> _Exercise prompt_: Extract each line of the material that follows exactly and omit its pictures.

> _Source material_:
###
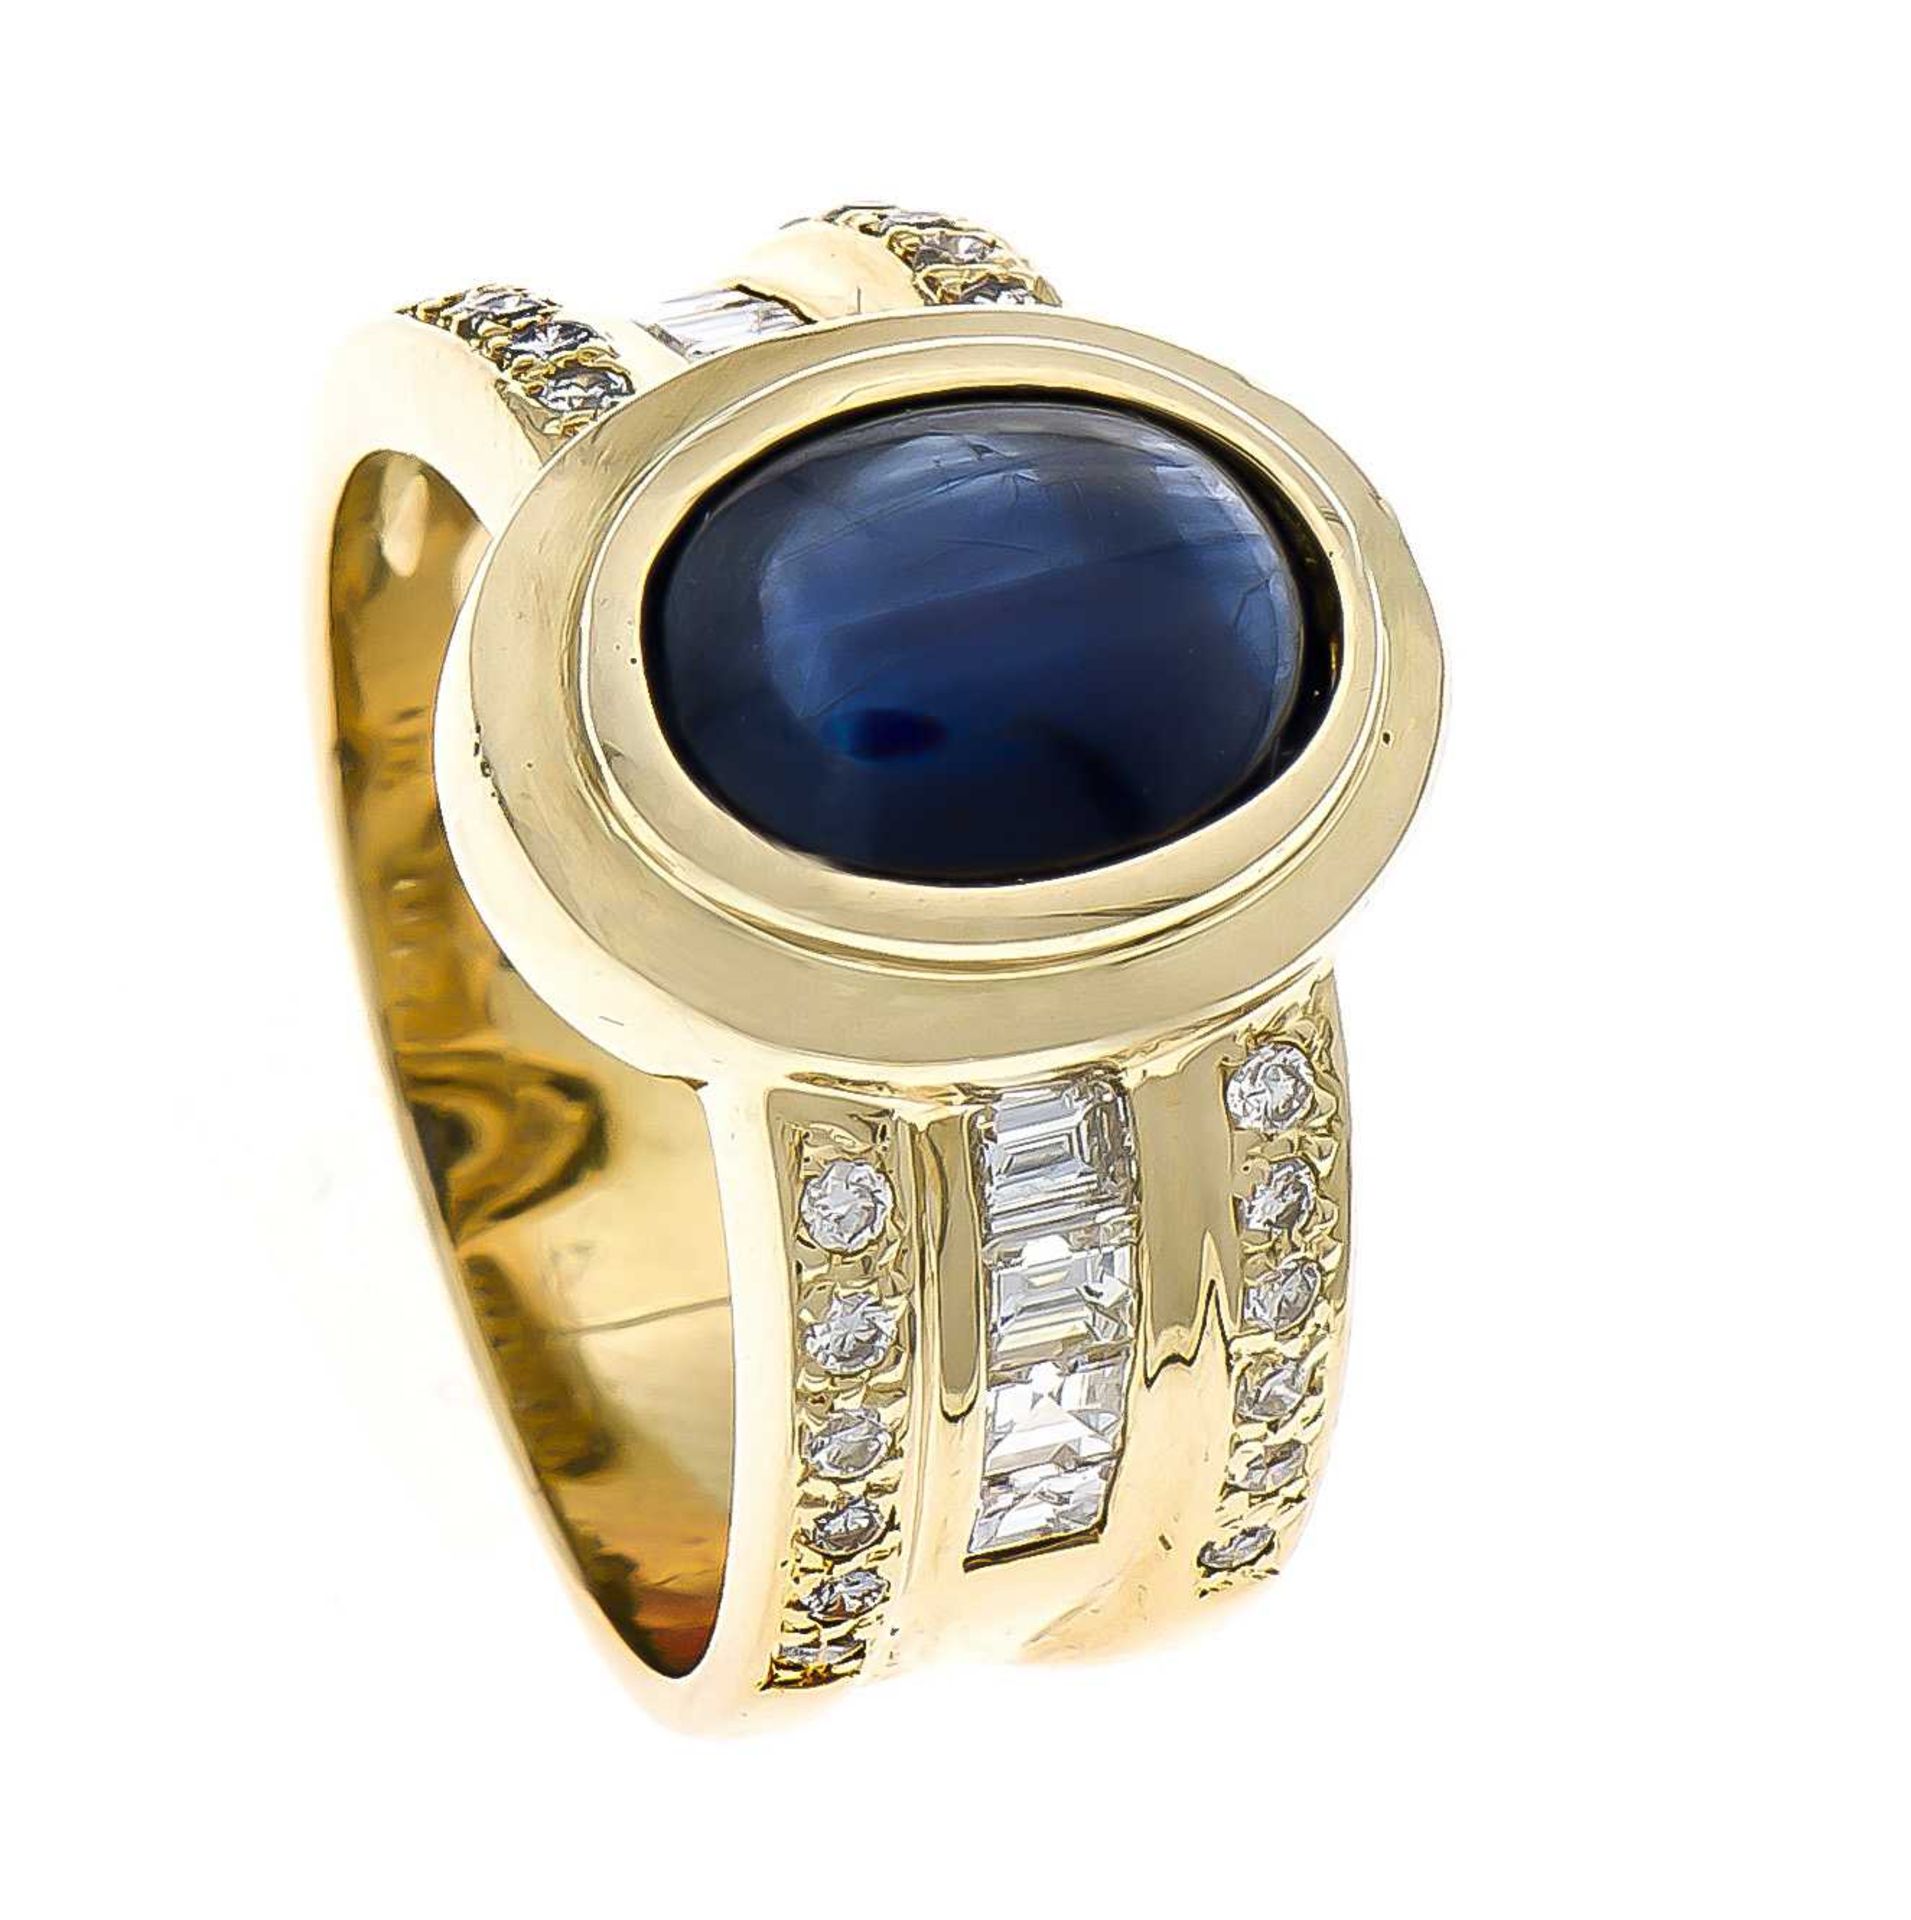 Saphir-Brillant-Ring GG 750/000 mit einem feinen Saphircabochon 10 x 7 mm in sehr guter Farbe und
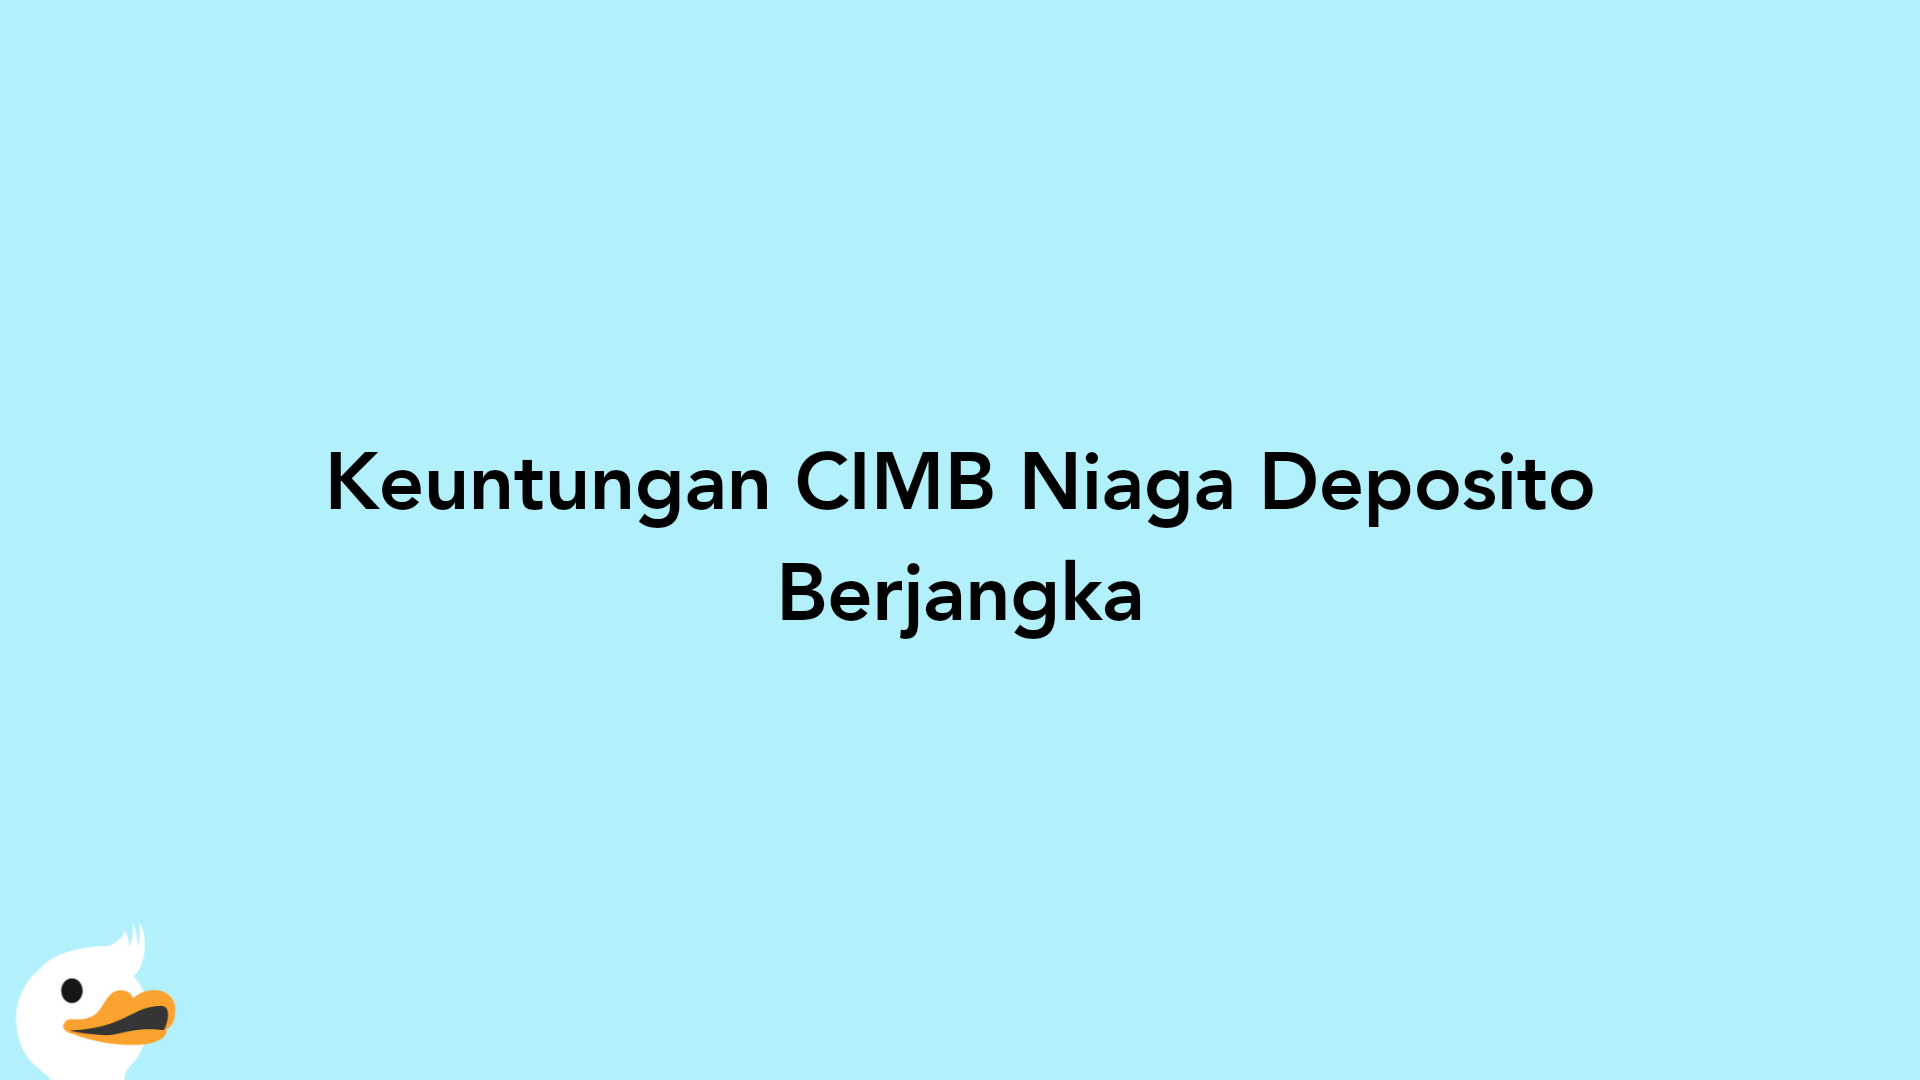 Keuntungan CIMB Niaga Deposito Berjangka
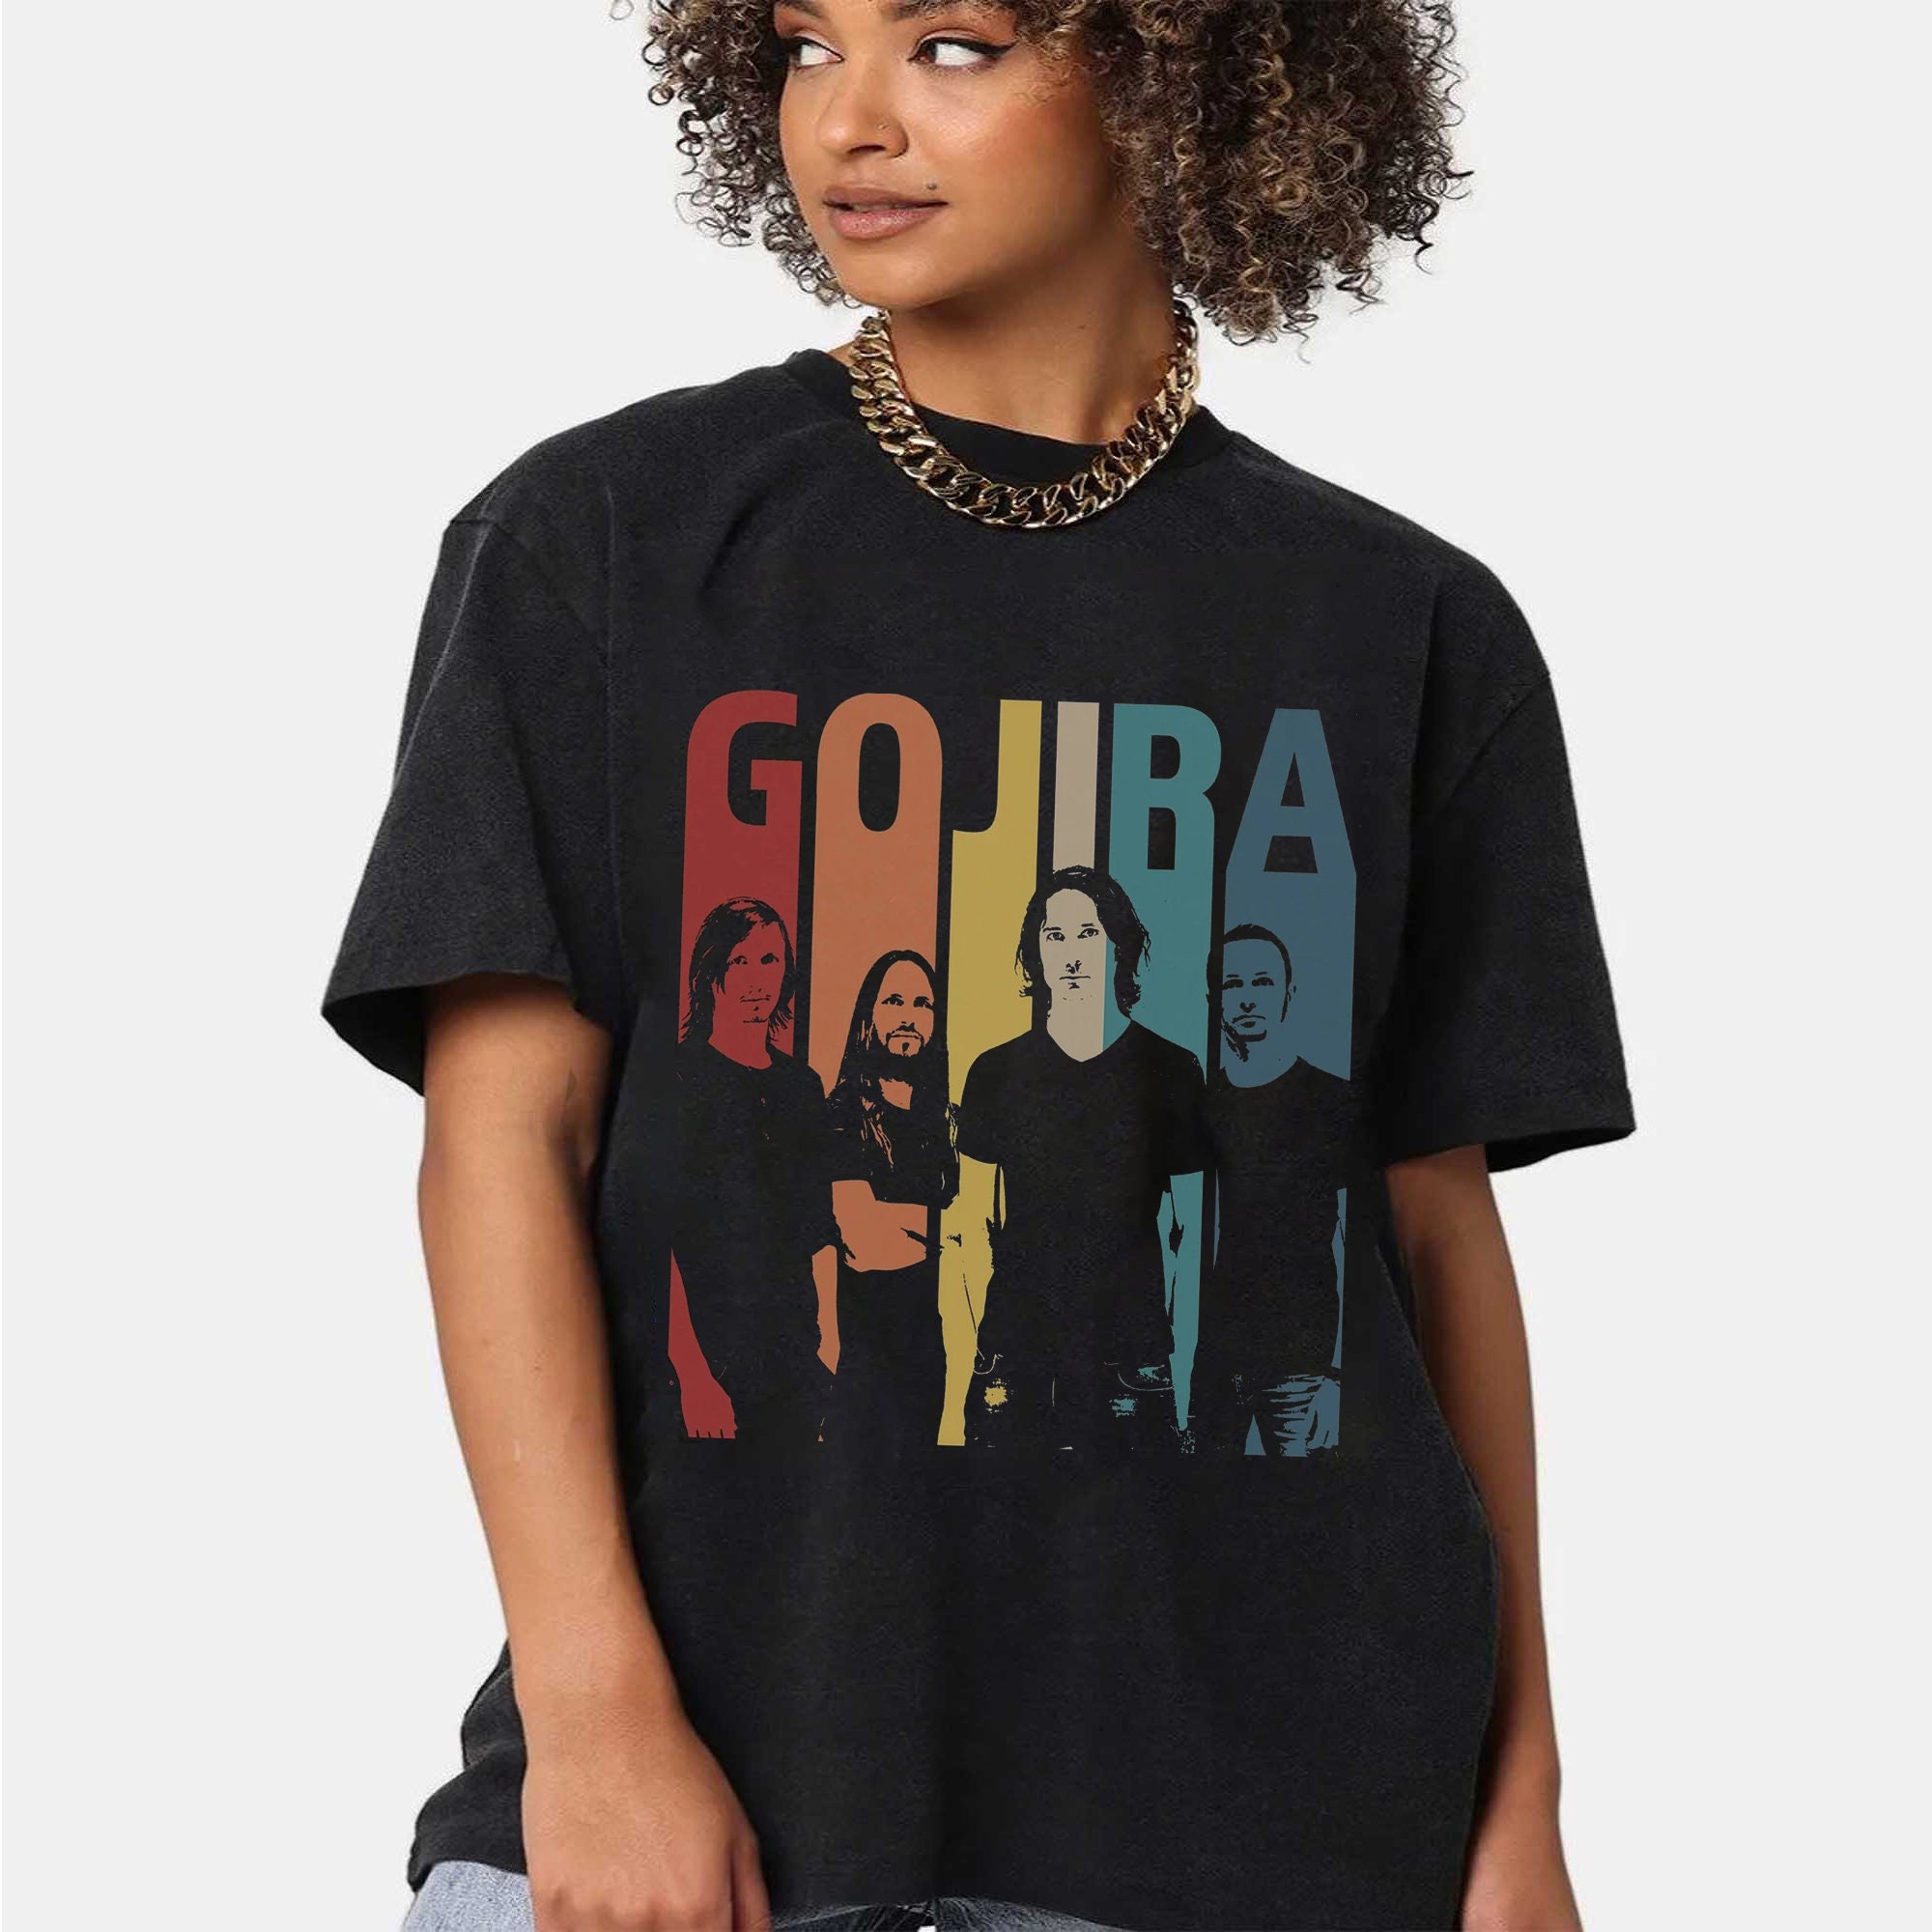 Gojira UK Tour 2023 Shirt, Gojira Band Shirt, Gojira Merch For Fan
###
> _Reply_:
 Saphir-Brillant-Ring GG 750/000 mit einem feinen Saphircabochon 10 x 7 mm in sehr guter Farbe und
 Keuntungan CIMB Niaga Deposito Berjangka
 Gojira UK Tour 2023 Shirt, Gojira Band Shirt, Gojira Merch For Fan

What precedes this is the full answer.